Сама она торчала в театральной кассе только вечером, а днем вязала: шарфики, шапочки, потом освоила платья. Вязала исступленно, когда поднимала голову и Толик сталкивался с ее глазами, то пугался, столько в них было угрюмой обиды на жизнь. Потом она бросила и вязанье, и свою кассу, кто-то помог ей устроиться в художественную мастерскую на должность инспектора по оформлению заказов. Толик с удивлением заметил, как быстро она расправила крылья, на кухне появился внушительный холодильник, а в шкафу — платья, шуба, коробки с обувью. Жена на вид была все той же синеглазой хрупкой девочкой, но теперь он уже ее знал, побаивался и в разговоры о святом искусстве не вступал. Однажды ему пришла в голову мысль, что холодильник на кухне не хозяйственный прибор для хранения продуктов, а скульптурный портрет его жены, такой же блестящий, чистый, безропотный снаружи и жалкий, бедный внутри. Два пакета молока, два плавленых сырка и бутылка постного масла.

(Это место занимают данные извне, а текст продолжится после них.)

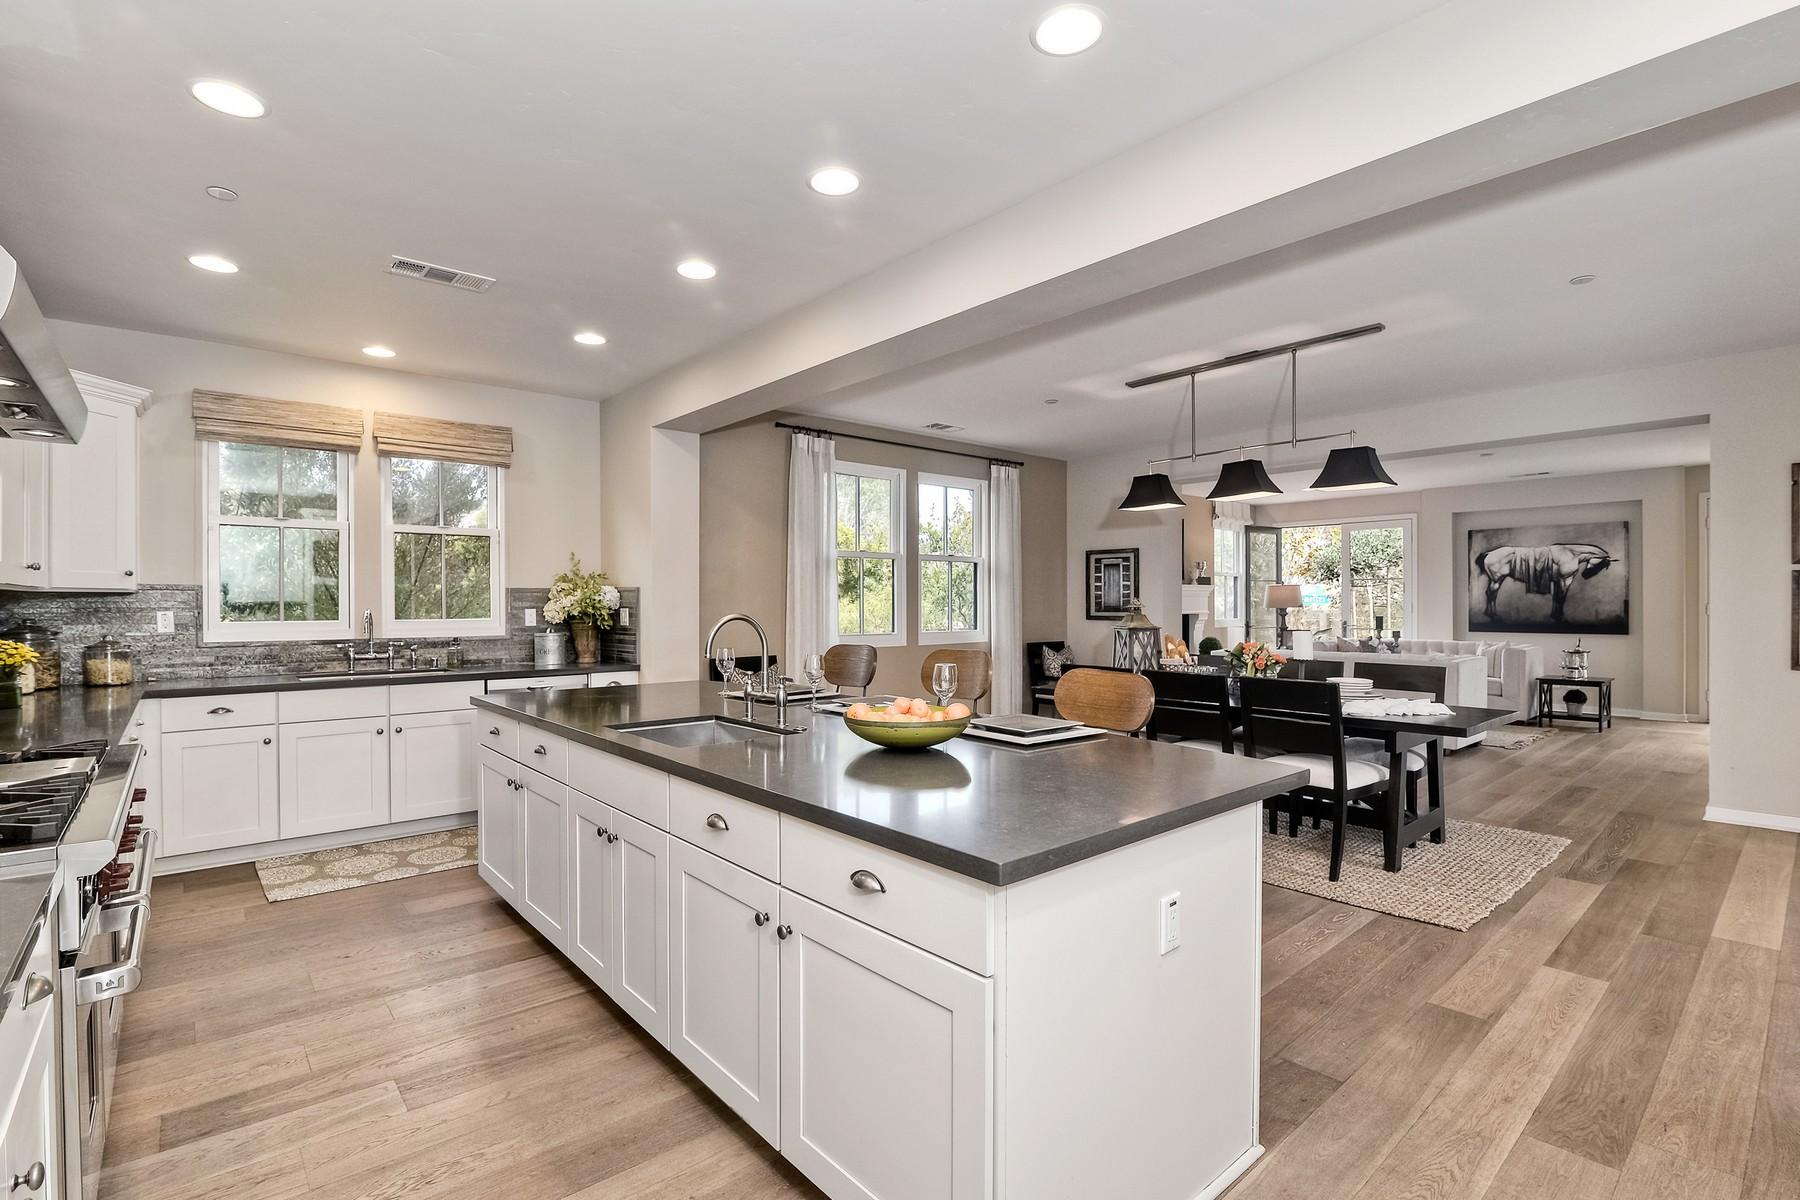 Single Family Home for Sale at 1497 Halia Court Encinitas, California 92024 United States

Он уже ее не любил, но еще любил театр и надеялся, что пробьется: попадется на глаза заезжему кинорежиссеру или выпадет ему классическая театральная удача, заболеет исполнитель главной роли, и он, знающий эту роль назубок, выйдет на сцену премьером. Все роли, включая женские, он знал, так как жил в театре с утра до позднего вечера. Была бы надобность, он смог бы заменить и режиссера, — словарный запас у того был невелик, а жесты и рывки из кресла зрительного зала на сцену однообразны.